This article explains what an s corporation is, how being designated an s corporation can save you and your shareholder’s money and how to file to become an s corporation.

S Corporation

Avoid Double Taxation with an S Corporation

Every business owner and every shareholder in a business would like to have a stake in an s corporation. There are probably many potential s corporations in the country that are still paying too many taxes. It is important to know exactly where you stand with the IRS.

The IRS website states that an s corporation is basically a domestic corporation that is eligible to avoid taxation both on the corporation and on the shareholders. This type of corporation is usually exempt from federal income tax and certain capital gains and income taxes. The IRS ultimately decides if a corporation is eligible to be taxed under subchapter S of the Internal Revenue Code based on the number and characteristics of the stockholders, the type of stock issued and other characteristics. Public notice of the formation and continued operation of thecorporation must be maintained and filed with the Secretary of State’s Office.

After 1996 the number of stockholders allowed in an s corporation went from 35 to 75 people. The IRS keeps limits on the number of stockholders allowed in an s corporation because the s subchapter of the Internal Revenue Code is basically designed to benefit smaller corporations. Certain types of people such as non-US residents, other corporations, certain partners and certain trustees are not allowed to hold stock in thesecorporation.

When a corporation is filed under subchapter S of the Internal Revenue Code, it becomes an entity separate of its stockholders and owners. An s corporation’s finances and records must be established and maintained completely separate from those of the stockholders. Because s corporations are their own entity, and most businesses are not capable of running themselves, the shareholders must hold a meeting and designate officers or employees of the corporation to conduct business on behalf of the corporation. The people that are designated to run the corporation are authorized by the shareholders to borrow and repay money, to a certain extent, when needed for the operation of the corporation. Credit arrangements for s corporations are made in the name of the corporation, but the officers designated by the shareholders sign loan documents. Usually the officers who sign the loan documents have liability for the corporation’s debts.

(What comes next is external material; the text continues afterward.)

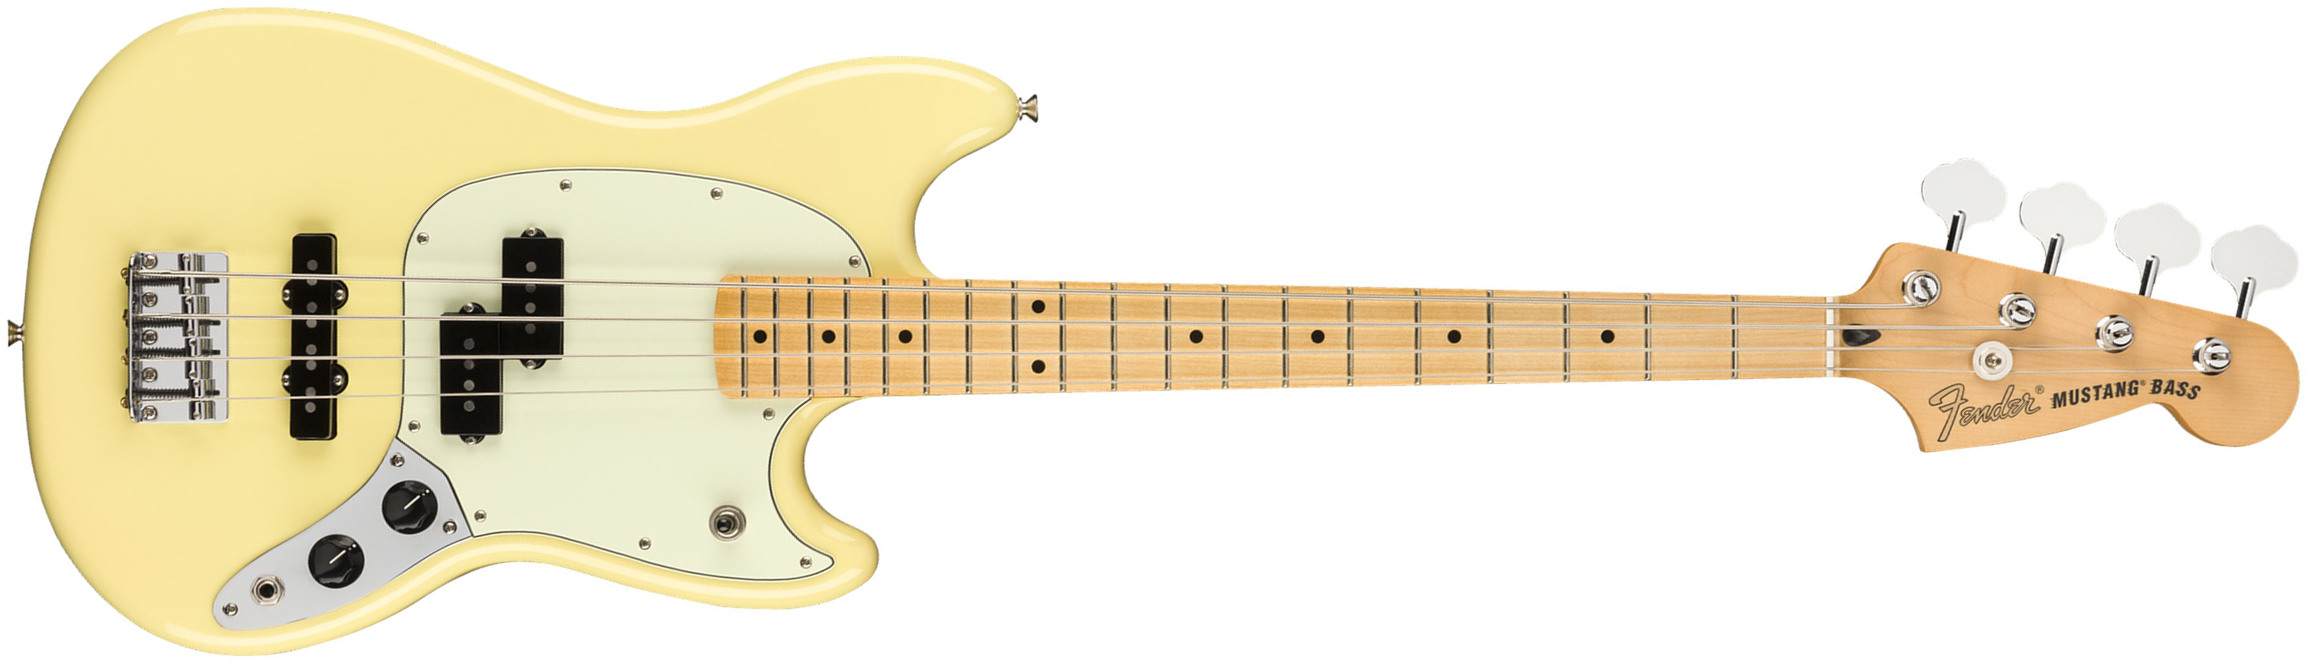 Fender Player Mustang Bass Pj Ltd Mex Mn - Canary - Bajo eléctrico de cuerpo sólido - Main picture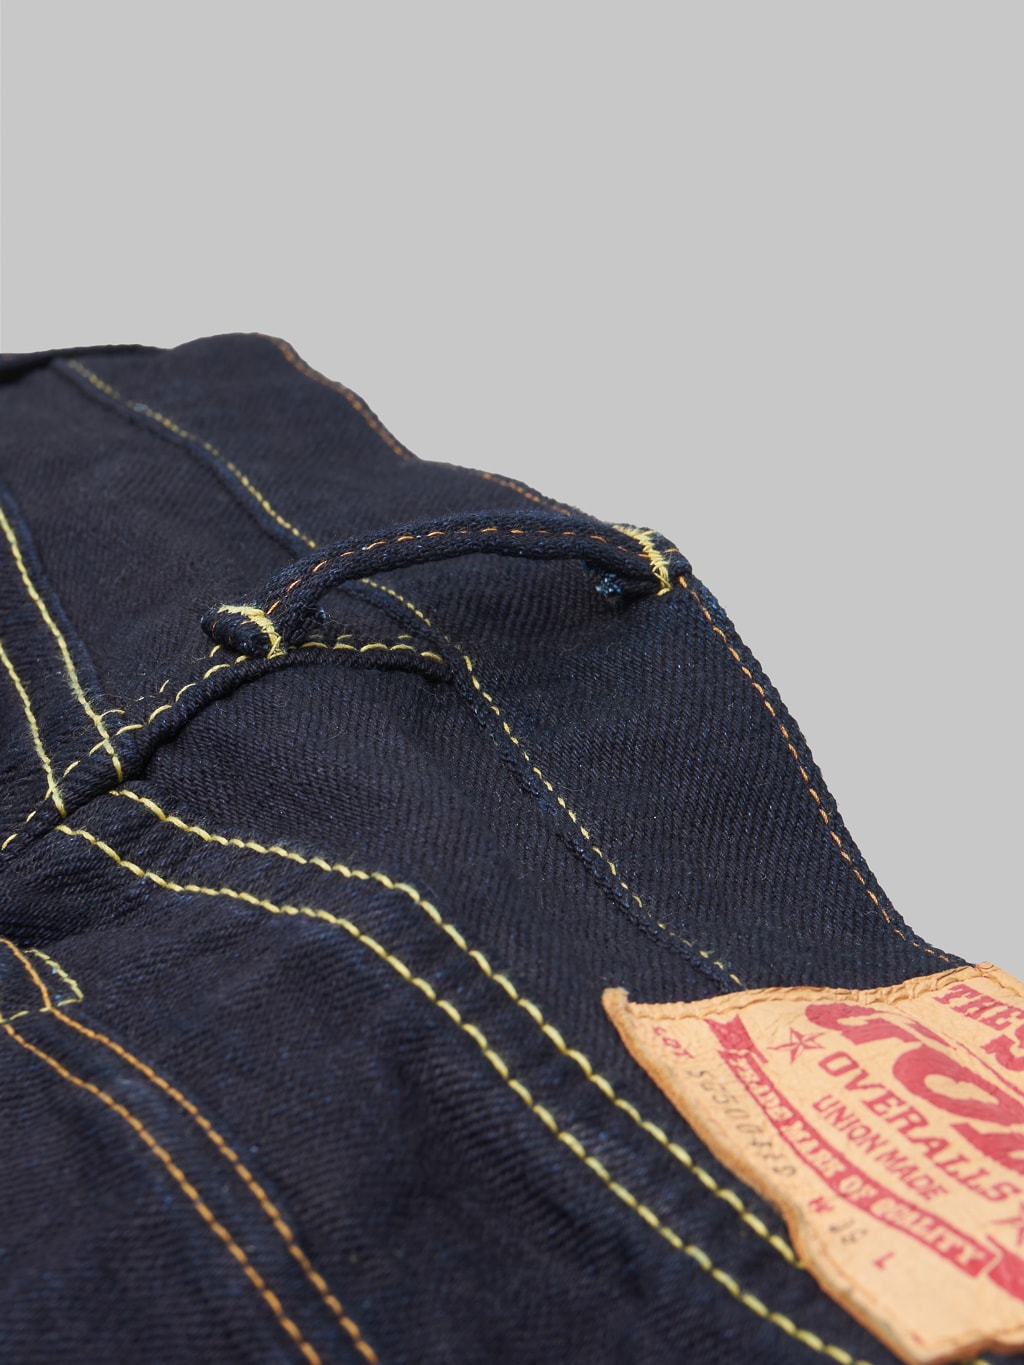 The Strike Gold 5004ID double indigo selvedge jeans belt loop

One of the more controversial advantages of s corporations is that the liability of stockholders in these corporations is limited to their capital investment. Since the corporation is considered a separate entity in the eyes of the government, the company can continue to operate unhindered pending the death or loss of a shareholder. Along this same line, stock can change hands and it will not effect the operation of the s corporation, just as long as the number of shareholders does not exceed 75. As stated earlier, the corporation is also exempt, with a few exceptions, from income and capitol gains taxes. Income or loss is passed directly to the shareholders.

While there are clear advantages to naming a corporation as an s corporation, there are also some drawbacks. Lenders may require that the corporation’s officers provide them with a personal guarantee before lending money. The small number of stockholders and their voice in the actions of the corporation may immobilize business. Stock may be passed from one shareholder to his or her family, which may cause conflict. The corporation can also be subject to abuses by stockholders at which time the stockholder’s shield of limited liability is lost.